_Task inputs_:
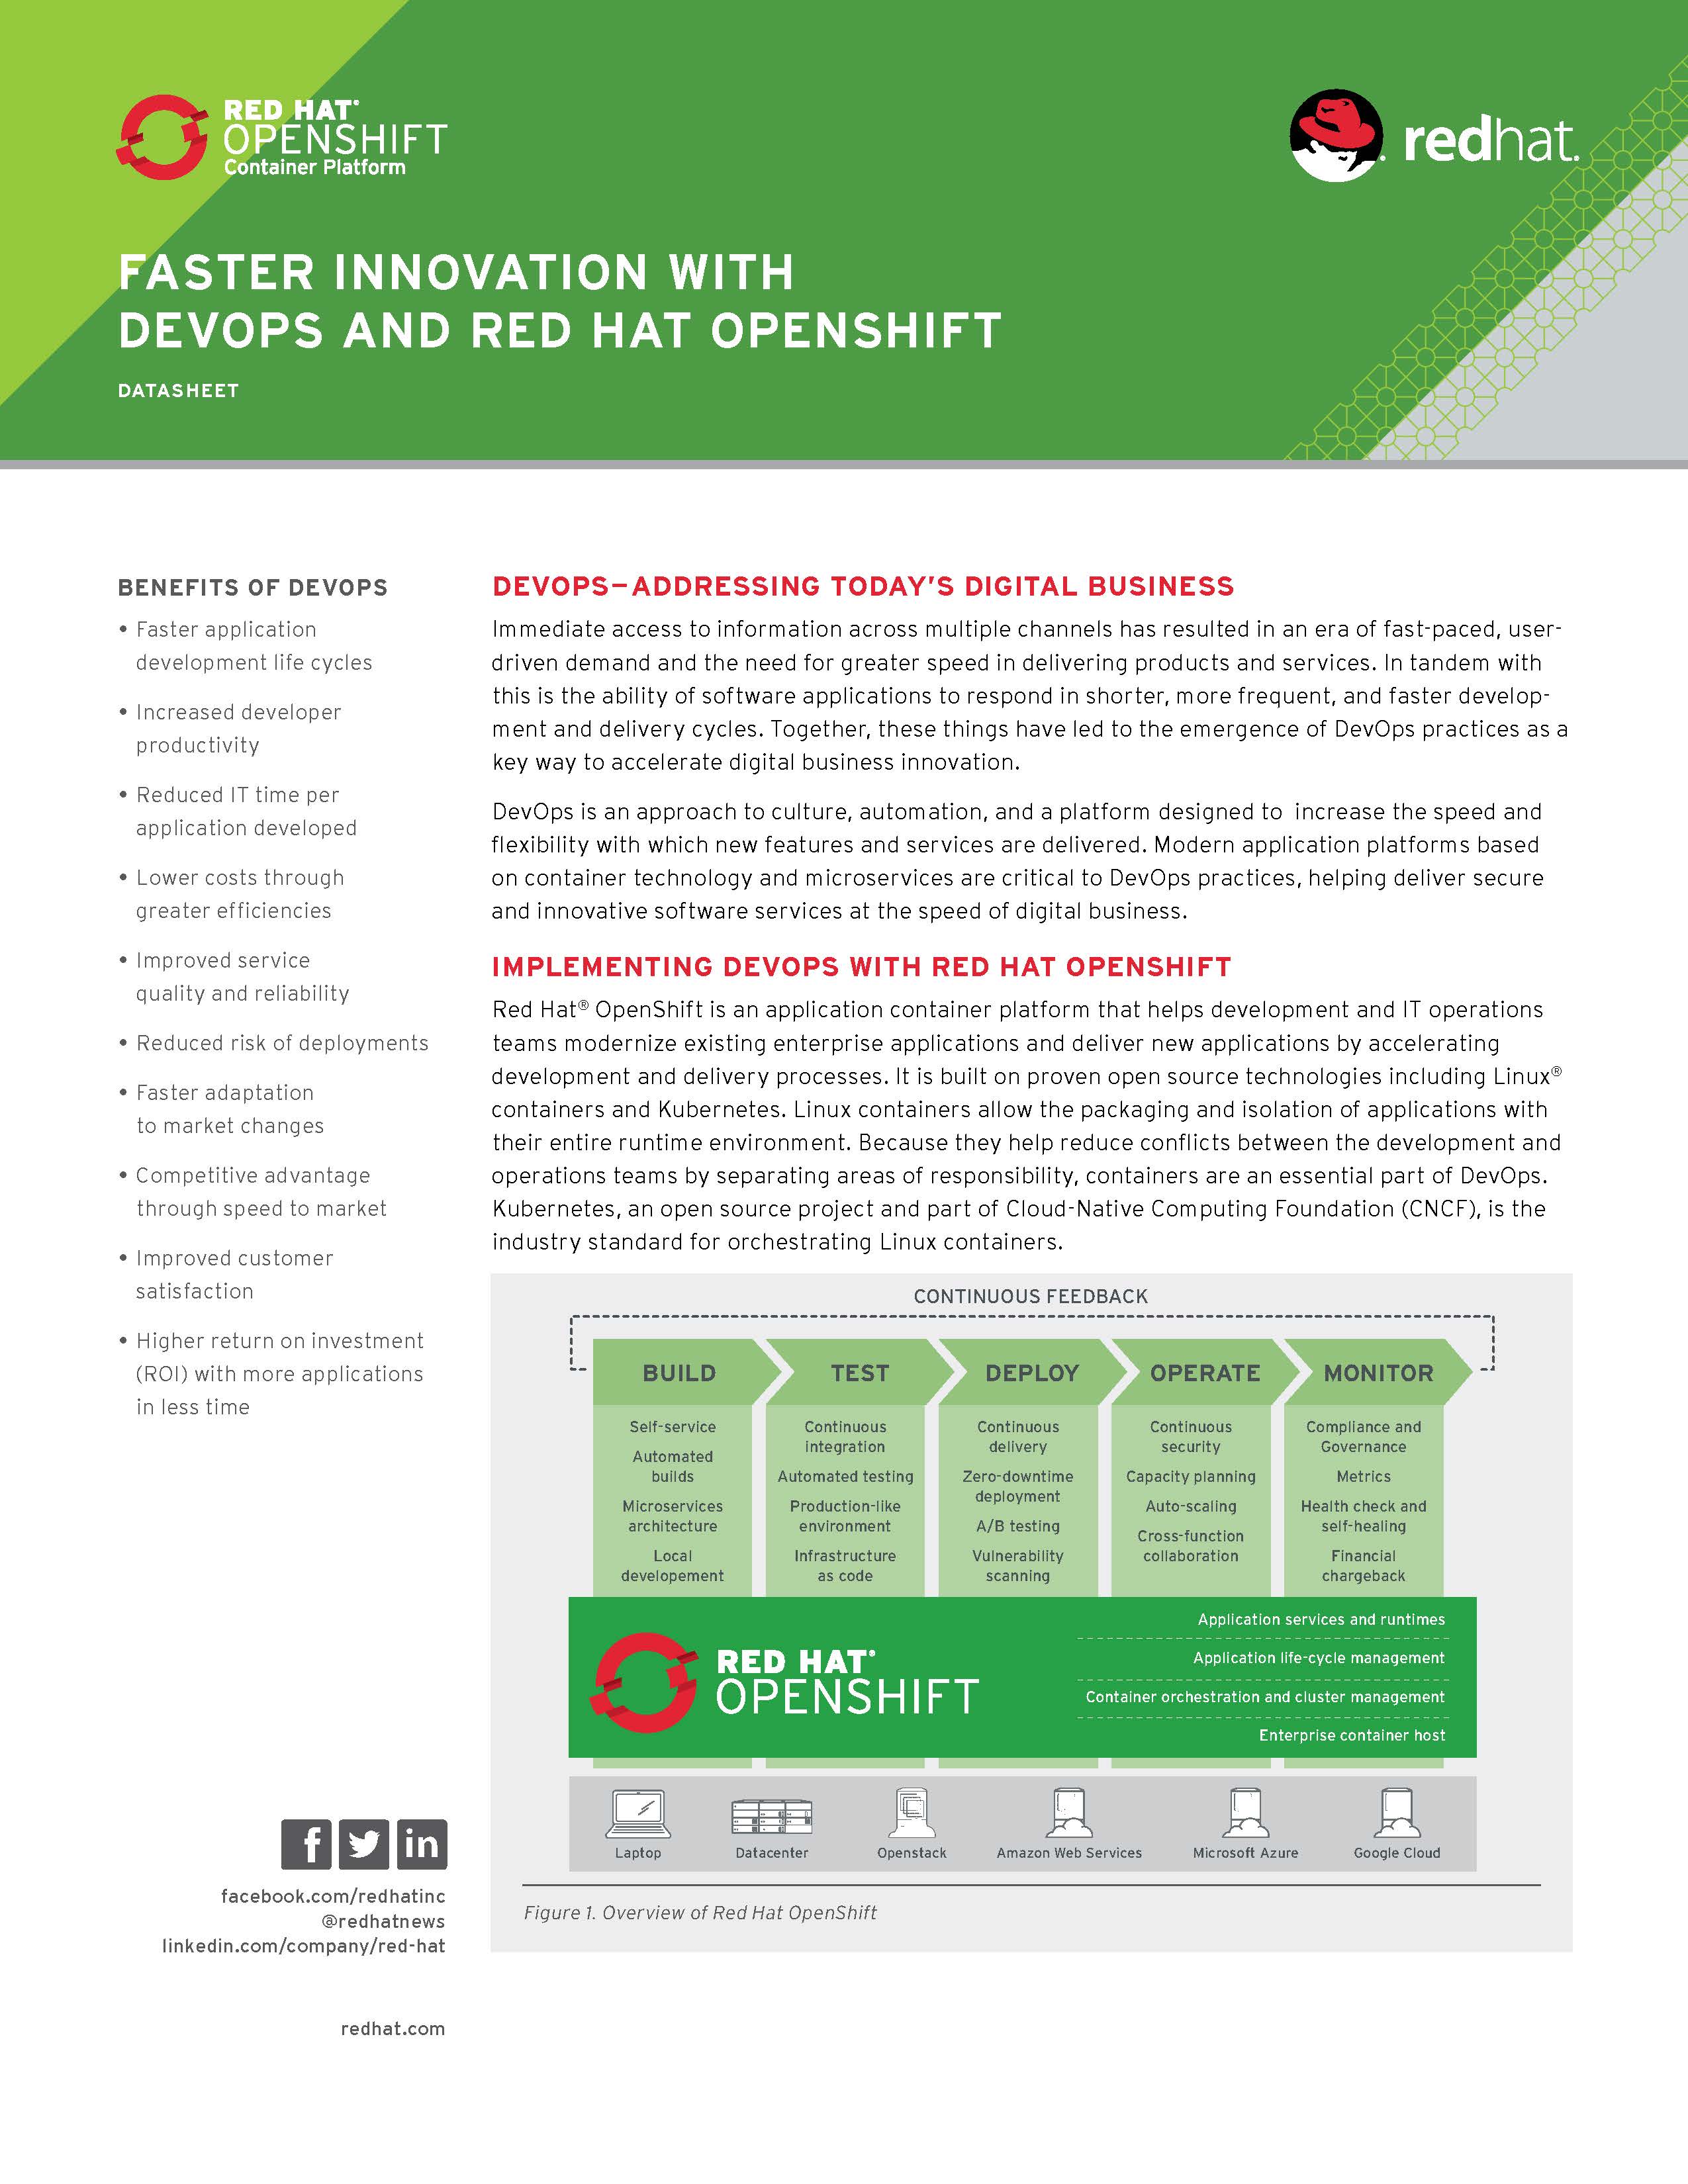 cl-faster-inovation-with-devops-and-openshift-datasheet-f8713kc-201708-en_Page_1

---

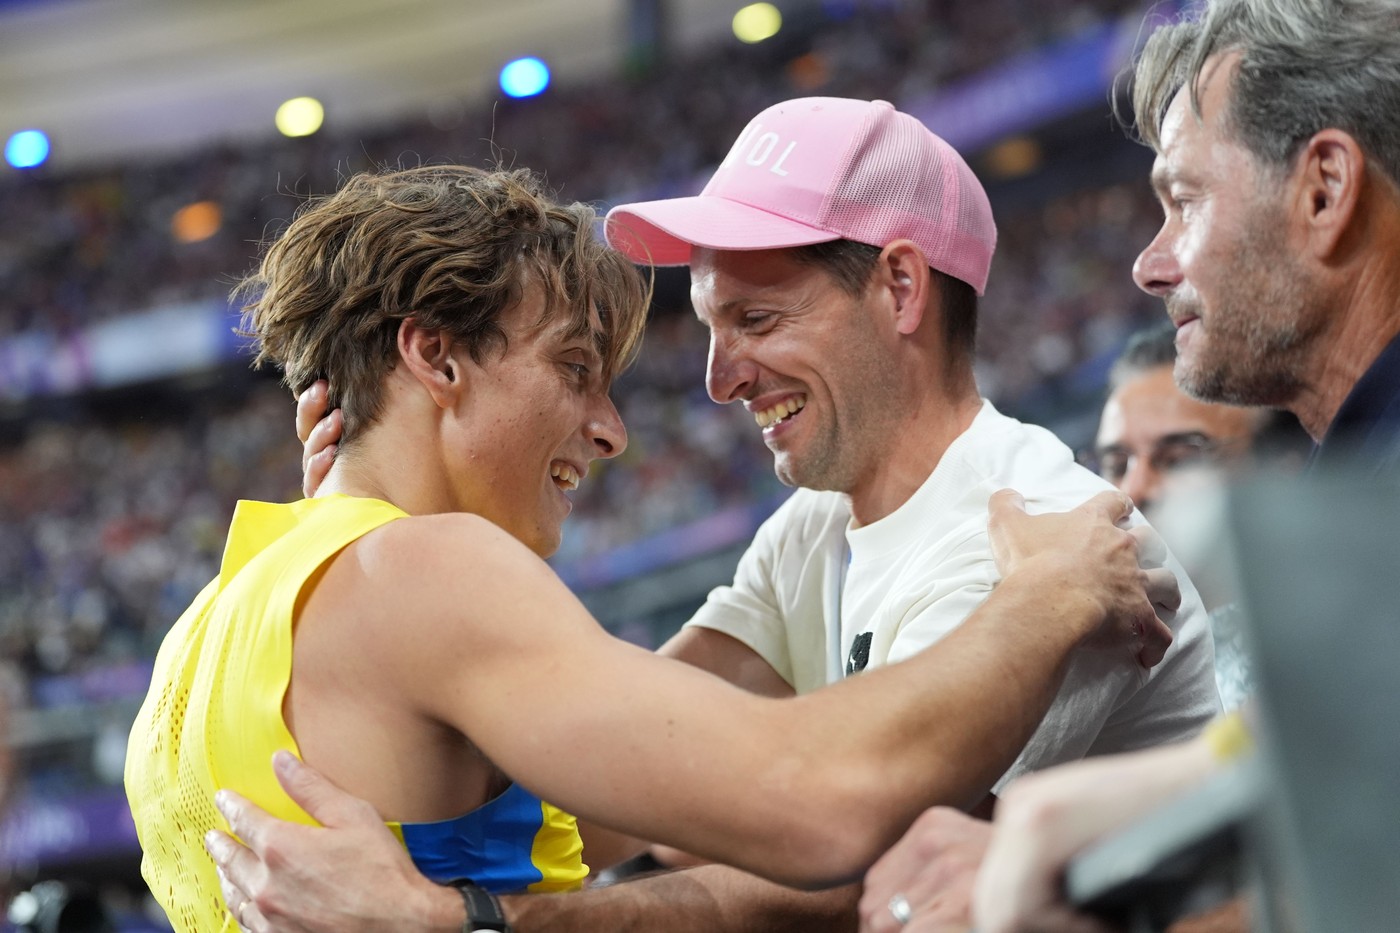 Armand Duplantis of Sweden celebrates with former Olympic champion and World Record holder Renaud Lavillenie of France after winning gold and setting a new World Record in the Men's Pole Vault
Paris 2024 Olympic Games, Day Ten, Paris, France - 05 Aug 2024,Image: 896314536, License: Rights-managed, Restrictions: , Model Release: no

_Required work_:
In the listing above, find the line containing "Armand Duplantis of" and the line containing "Paris 2024 Olympic". Reproduce those lines and all between them exactly, with no pictures and nothing more.

_Response area_:
 Armand Duplantis of Sweden celebrates with former Olympic champion and World Record holder Renaud Lavillenie of France after winning gold and setting a new World Record in the Men's Pole Vault
Paris 2024 Olympic Games, Day Ten, Paris, France - 05 Aug 2024,Image: 896314536, License: Rights-managed, Restrictions: , Model Release: no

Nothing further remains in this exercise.